There's no winning move here with standard DBSCAN. This varying-density problem is exactly what motivates HDBSCAN, which we'll get to shortly. But first, let's explore a completely different approach to clustering.

Hierarchical clustering: the tree of groups

What if you didn't have to choose a specific number of clusters at all? What if you could see ALL possible groupings simultaneously -- from "every point is its own cluster" all the way up to "everything is one big cluster" -- and then pick the level of granularity that makes sense for your problem?

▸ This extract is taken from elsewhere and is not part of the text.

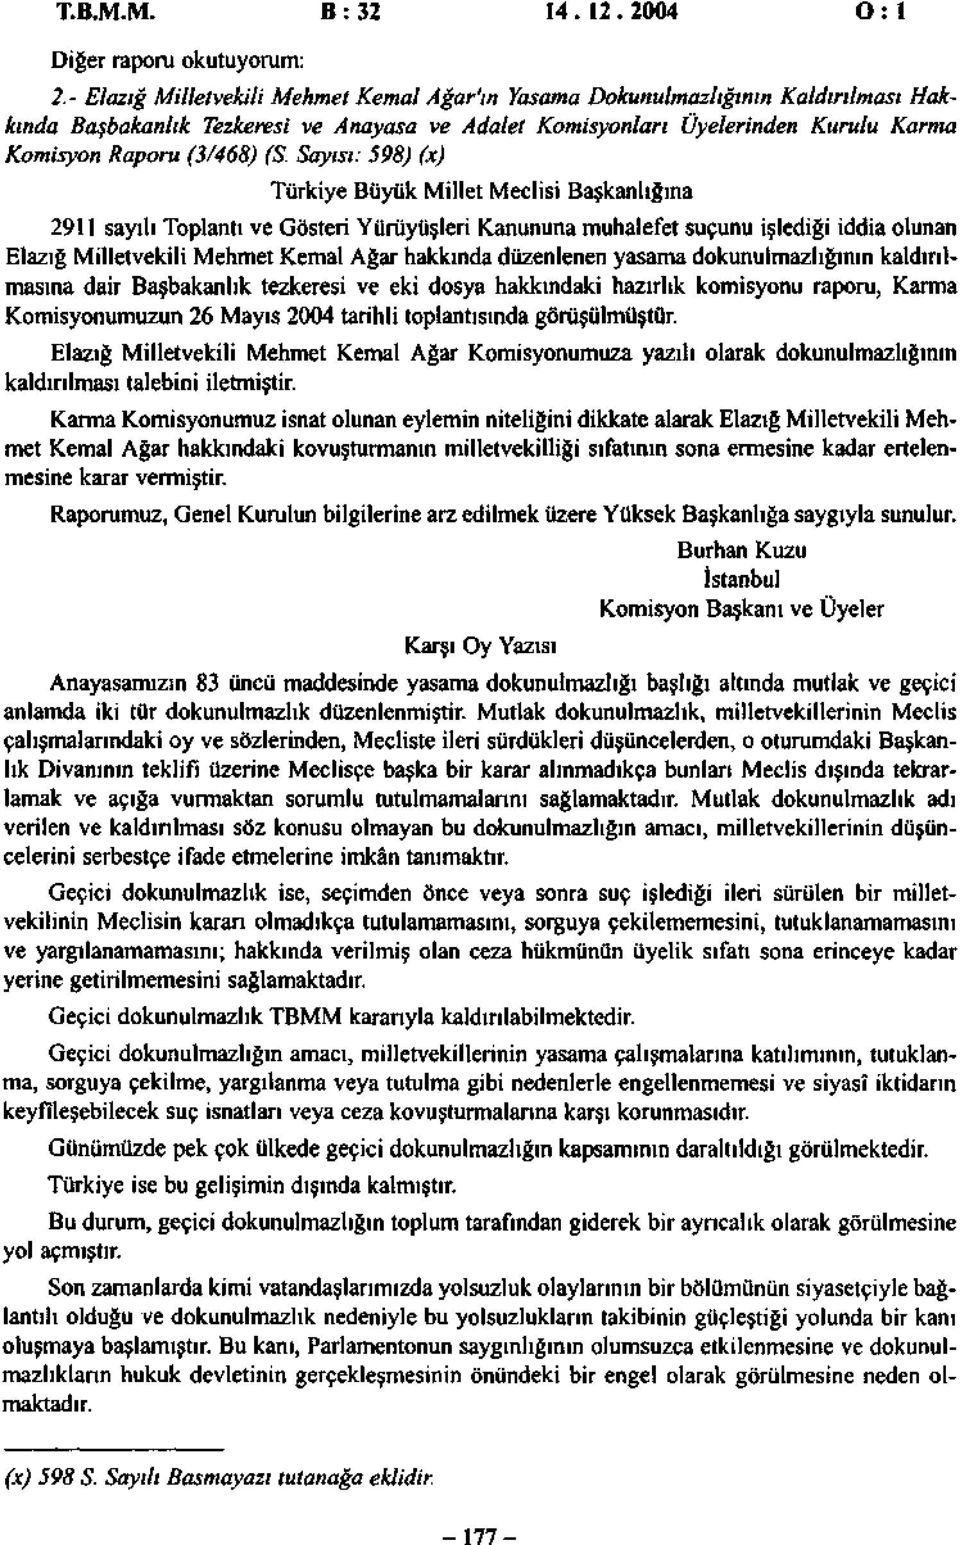 Sayısı: 598) (x) Türkiye Büyük Millet Meclisi Başkanlığına 2911 sayılı Toplantı ve Gösteri Yürüyüşleri Kanununa muhalefet suçunu işlediği iddia olunan Elazığ Milletvekili Mehmet Kemal Ağar hakkında

That's what hierarchical clustering does. It builds a dendrogram -- a tree structure that shows how points group together at every level of similarity. You can "cut" the tree at any height to get as many or as few clusters as you want.

Agglomerative (bottom-up) hierarchical clustering is the most common variant. The algorithm is conceptually simple:

Start with every point as its own cluster (N clusters)
Find the two closest clusters
Merge them into one cluster (now N-1 clusters)
Repeat until everything is one cluster

The result is a complete merge history that you can inspect at any level:

from sklearn.cluster import AgglomerativeClustering
from scipy.cluster.hierarchy import dendrogram, linkage

# Generate blob data with 4 clear groups
X_blobs, y_blobs = make_blobs(
    n_samples=200, centers=4, cluster_std=0.8, random_state=42
)

# Compute the linkage matrix (full merge history)
Z = linkage(X_blobs, method='ward')

# Print the last merges -- large distances indicate natural boundaries
print("Last 8 merges (largest distances = natural cluster boundaries):")
print(f"{'Step':>6s}  {'Cluster A':>10s}  {'Cluster B':>10s}  "
      f"{'Distance':>10s}  {'New size':>10s}")
print("-" * 52)
for i in range(8):
    row = Z[-(i+1)]
    print(f"{len(Z)-i:>6d}  {int(row[0]):>10d}  {int(row[1]):>10d}  "
          f"{row[2]:>10.2f}  {int(row[3]):>10d}")

The key insight is in those merge distances. You'll see a few merges with VERY large distances compared to the others. Those are the jumps where the algorithm had to bridge a big gap to combine two well-separated groups. The number of large jumps tells you the natural number of clusters. If the last three merges have distances of 15.2, 14.8, and 13.9, but the one before that jumps to 5.1, there's a clear gap -- cutting the tree just above 5.1 gives you 4 clusters.

Linkage methods: how "distance between clusters" is defined

The whole algorithm hinges on one question: how do you define the distance between two clusters? Different answers give different results, and the choice matters more than you might think.

Single linkage: minimum distance between any two points in different clusters. Finds elongated, chain-like clusters but is very sensitive to noise (a single bridge point between two clusters will merge them prematurely).
Complete linkage: maximum distance between any two points. Creates compact, roughly spherical clusters. Robust to noise but can split elongated natural clusters.
Average linkage: mean distance between all pairs of points. A balanced compromise between single and complete.
Ward linkage: minimizes the increase in total within-cluster variance at each merge. This is closest in spirit to K-Means (it optimizes the same kind of objective) and is usually the best default for general use.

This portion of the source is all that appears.